He went back to Bath, Maine, a center for shipbuilding, to visit family in 1853, and commissioned two new barks (including his namesake, Samuel Merritt, 1855), built to his model designed specifically for the coastal lumber trade. When he was called back to Bath, Maine, in 1862 to settle his brother Issac's estate, he contracted for three more sailing ships (Deacon, 1863; Vidette, 1865; Oakland, 1865), all built to his design for trading. After running each ship for a handsome profit, he sold the ships themselves at prices greater than their costs.
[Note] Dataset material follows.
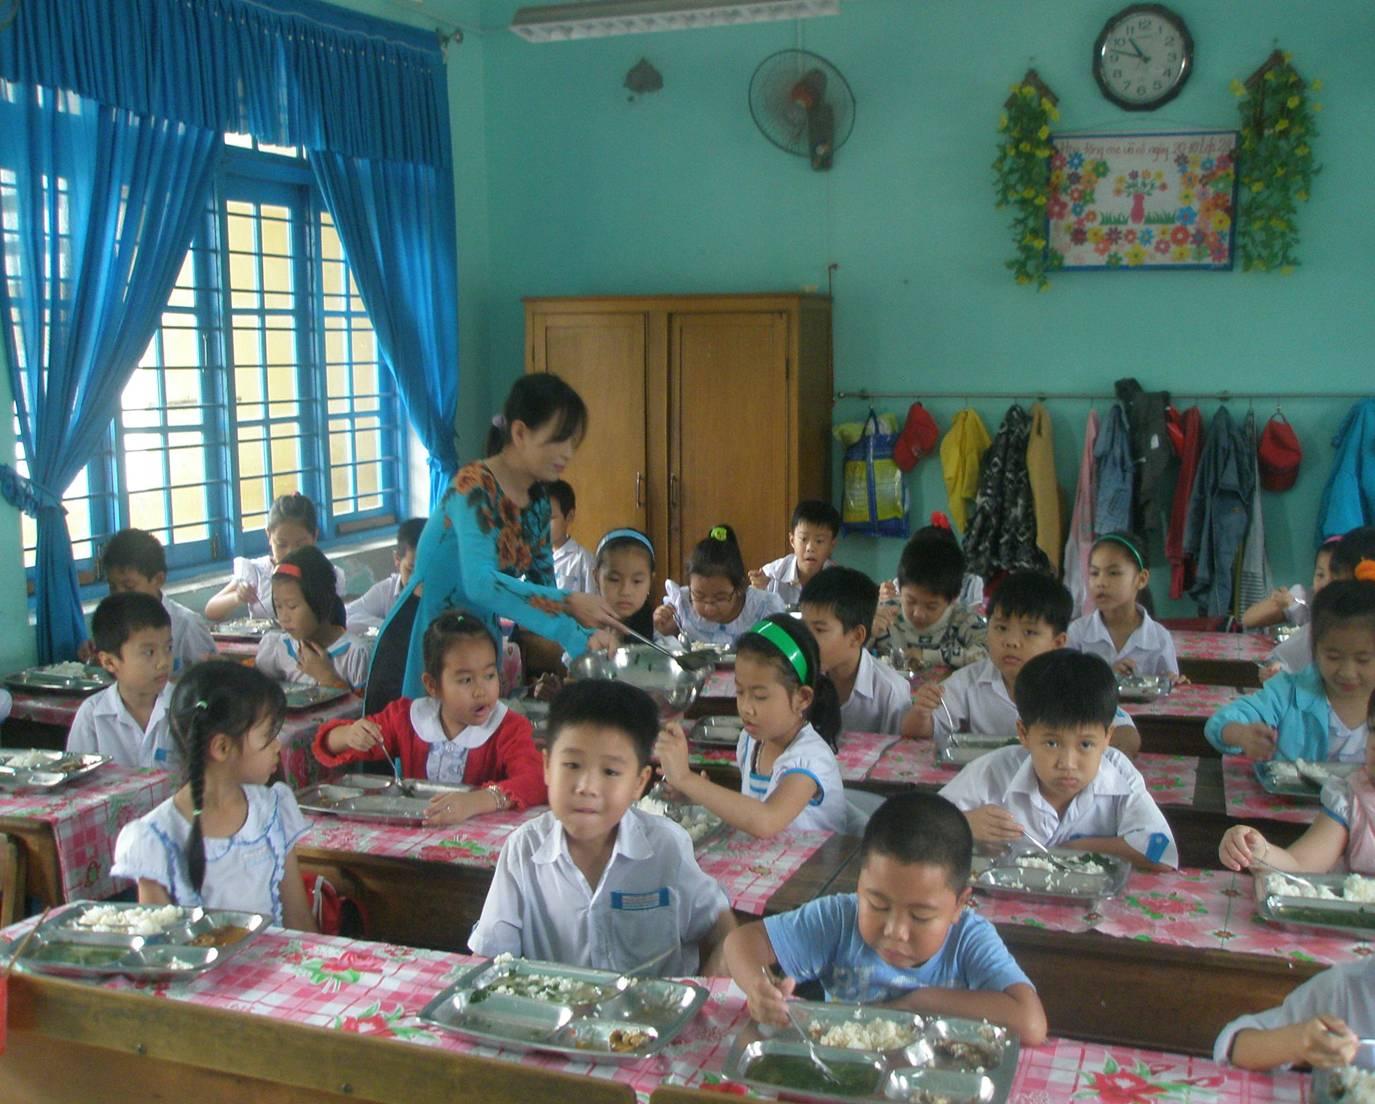 Bữa ăn của học sinh bán trú Trường Tiểu học Trần Quốc Toản.

In 1852 Merritt began a series of lucrative real estate transactions in San Francisco. He also bought land in what is now the city of Oakland and moved there in 1863.

==Later years==
As mayor of the rapidly growing town of Oakland (1867-1869), Merritt knew that it was crucial to establish the West Coast railhead of the Pacific Railroad in Oakland itself to secure its future economic viability. To achieve this goal, he and his contemporaries resolved complicated and long-standing disputes over tideland ownership through legal maneuvers, negotiated with railroad companies, and navigated a series of compromise waterfront arrangements in spring 1868. "They secure to Oakland the terminus of the greatest work of the age, the Pacific Railroad". As the compromise ordinance was approved on April 1, cynics called it an April Fool's Day trick. As Oakland was an across-the-bay suburb of San Francisco, the press dubbed it the "future Jersey City of the Pacific Coast".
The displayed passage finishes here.